Читать онлайн книгу Kilitli Oda - Пер Валё страница 14
“Ama geçen cuma, bankayı soyan bir kadındı, öyle değil mi?” diye belirtti Kollberg.
“Kılık değiştirmiş olarak,” dedi Buldozer Olsson didaktik bir öğretmen edasıyla. “Sarı peruk ve takma şeyler işte. Ama suçu işleyenin Malmström ve Mohrén olduğuna kalıbımı basarım. Başka kimin gözü yerdi ya da böyle ani bir hamlede bulunacak kadar aklı çalışırdı? Bu özel bir iş, görmüyor musunuz? Son derece entrika dolu gerçekten. Oldukça heyecan verici. Aslında tam şey gibi…”

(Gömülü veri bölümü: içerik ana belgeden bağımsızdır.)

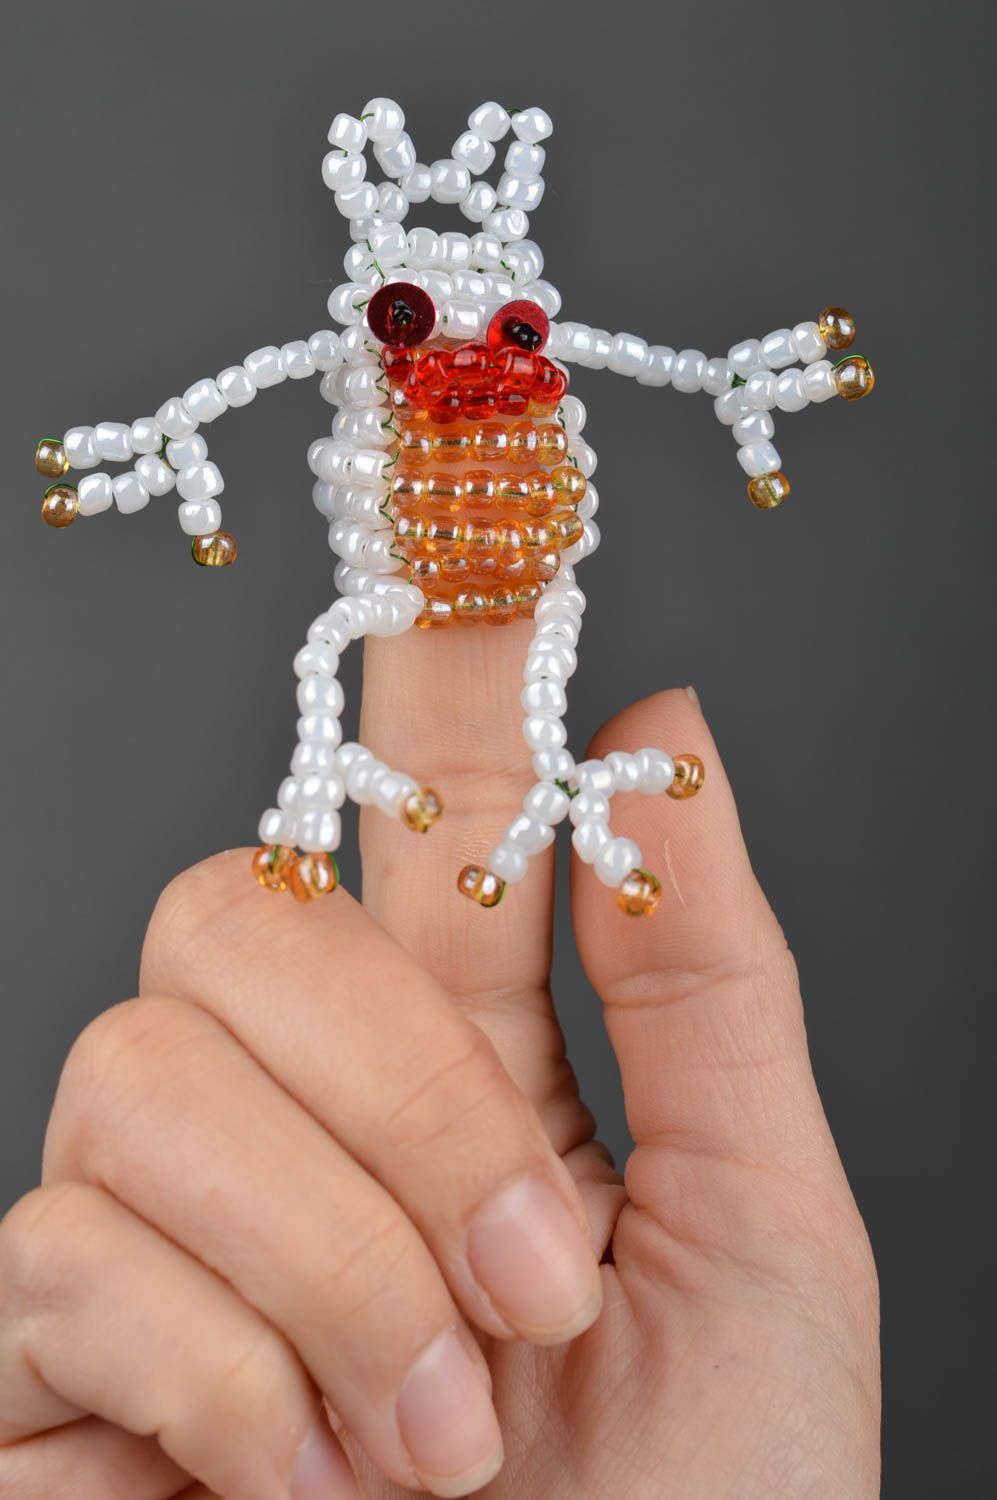 Пальчиковая игрушка из бисера ручной работы лягушка для кукольного театра фото 1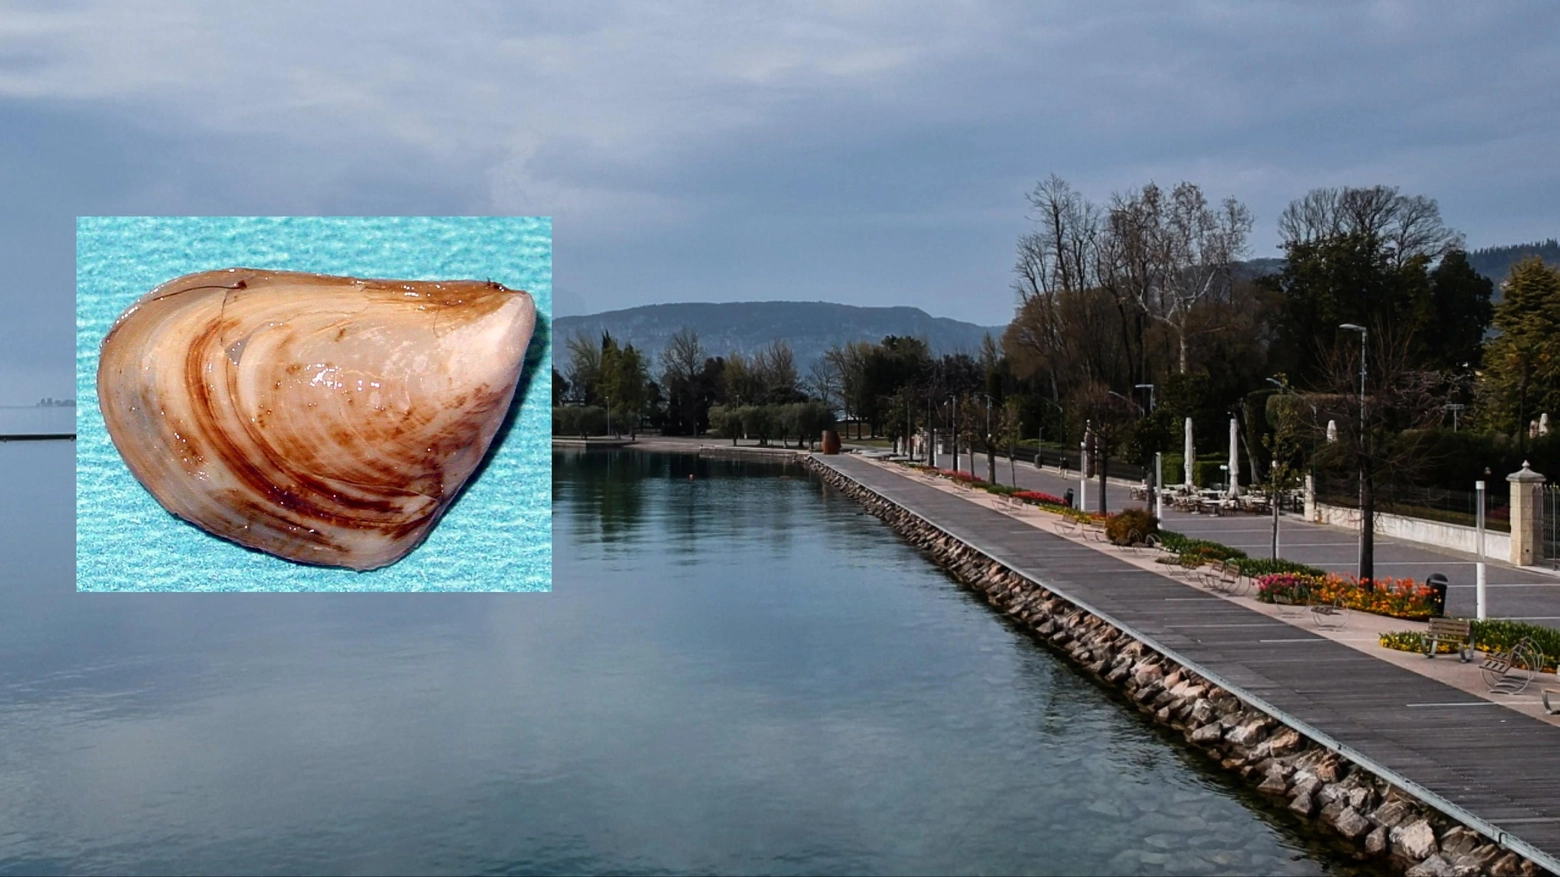  Dreissena bugensis, comunemente detta 'quagga mussel' scoperta nel lago di Garda

“…bir şampiyonla uzaktan satranç oynamak gibi,” dedi Gunvald Larsson. “Ama şampiyon olsun olmasın, Malmström de Mohrén de boğa kadar iri ve bunun aksine kendini inandıramazsın. İkisi de doksan beş kilo, ayak numaraları kırk yedi ve elleri kürek gibi. Mohrén’in göğüs ölçüsü 116 santim yani Anita Ekberg’in en olgun hâlinden yirmi santim daha geniş. Onu bir elbisenin içinde, takma göğüsle filan hayal edemiyorum.”
“Kadının üstünde pantolon yok muydu zaten?” diye sordu Kollberg. “Ve ufak tefek değil miydi?”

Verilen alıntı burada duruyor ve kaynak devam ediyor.